As I wonder this, my phone beeps. It’s a text from the boys’ foster mother — an incredible woman to whom I will be forever grateful for having cared for my sons before I could. We’ve kept in touch since the emotional day I brought the boys from her loving home to ours. We catch up on our kids; I tell her about the boys’ latest adventures and she tells me about her daughter, who will be going off to university in the fall. My sons’ foster mother has raised a wonderful woman, and has loved so many different children for various lengths of time.

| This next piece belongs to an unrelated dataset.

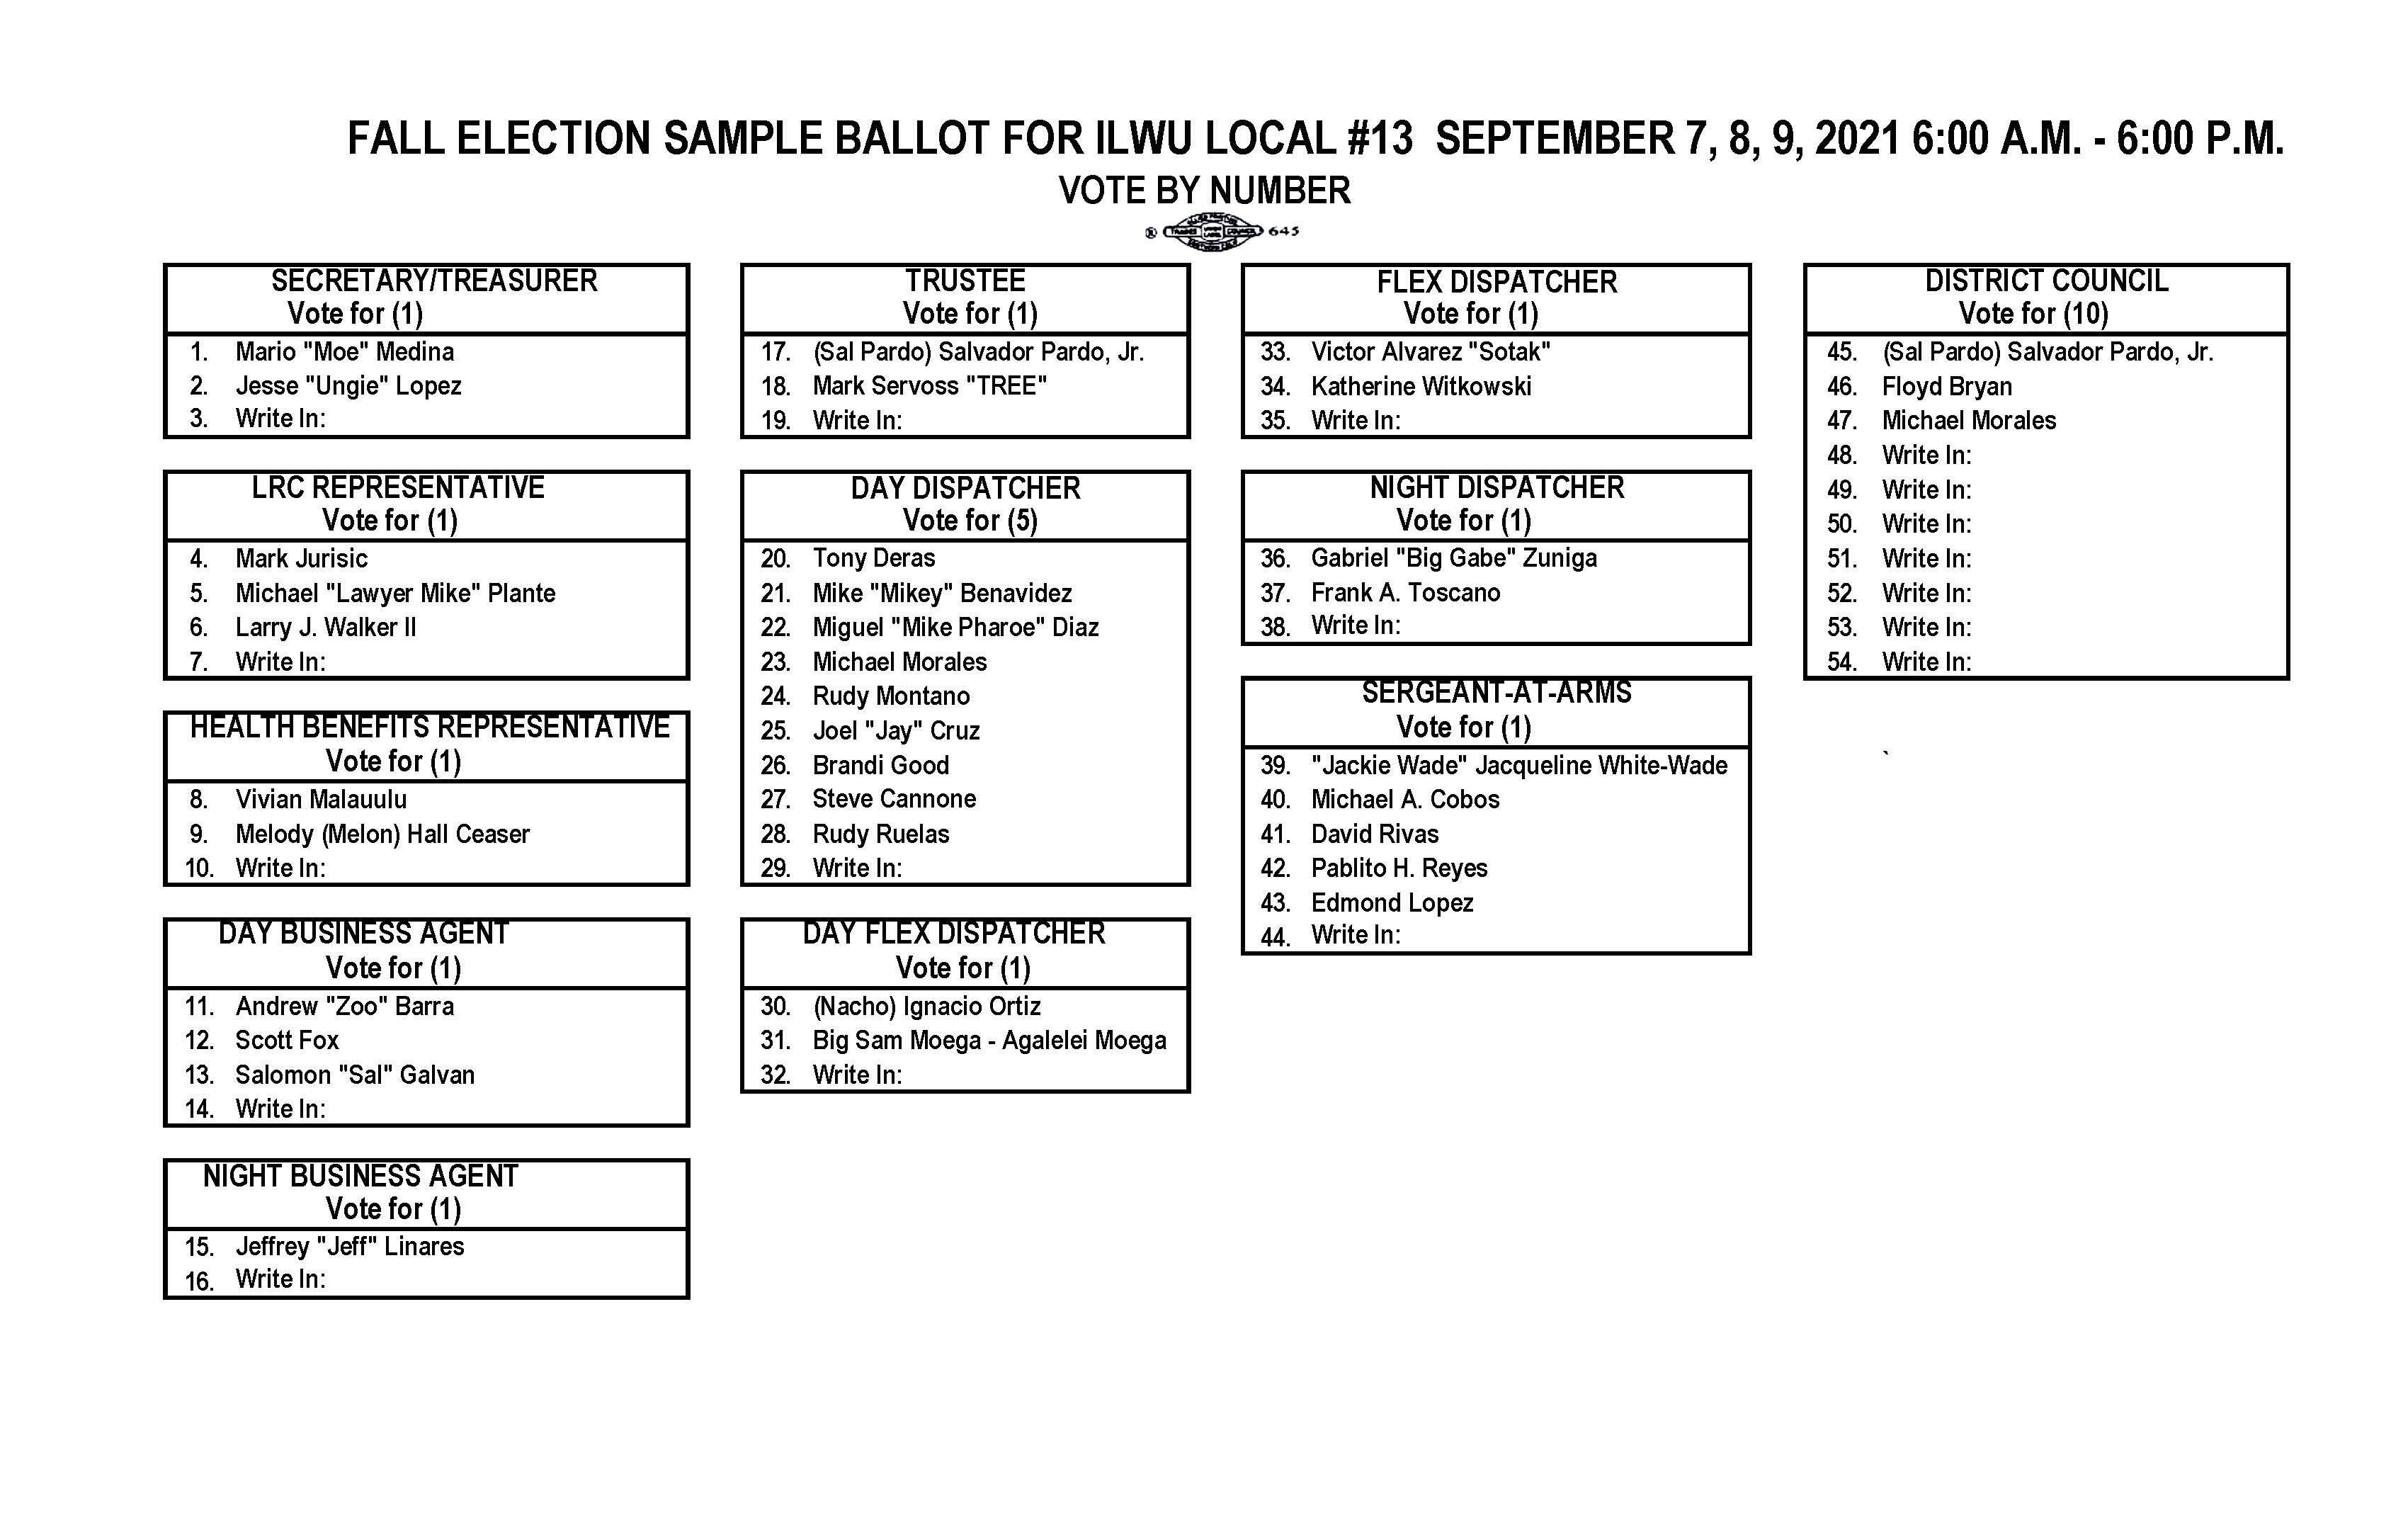 2021 Fall Election Ballot & Candidate Photos

“I signed the boys up for soccer,” I tell her. “The boys run in the opposite direction of the ball. Should I be waiting on extracurriculars?”
She tells me a sweet anecdote about her daughter playing soccer when she was small. I appreciate the anecdote — and all of her insights. It is she who taught me how to change a diaper, never making me feel inadequate during the transition period (ie when I sent one of the boys back to her after an outing with a diaper on…backwards). It is she who taught me how to hold them, how to soothe them, how to love them selflessly and unconditionally. And I realize that, just as I did not have children the way I imagined, my mom “village” doesn’t look as I had imagined either. In fact, it’s better than I imagined.
It’s okay if I don’t meet other moms at the park. I still have an incredible mom to look up to.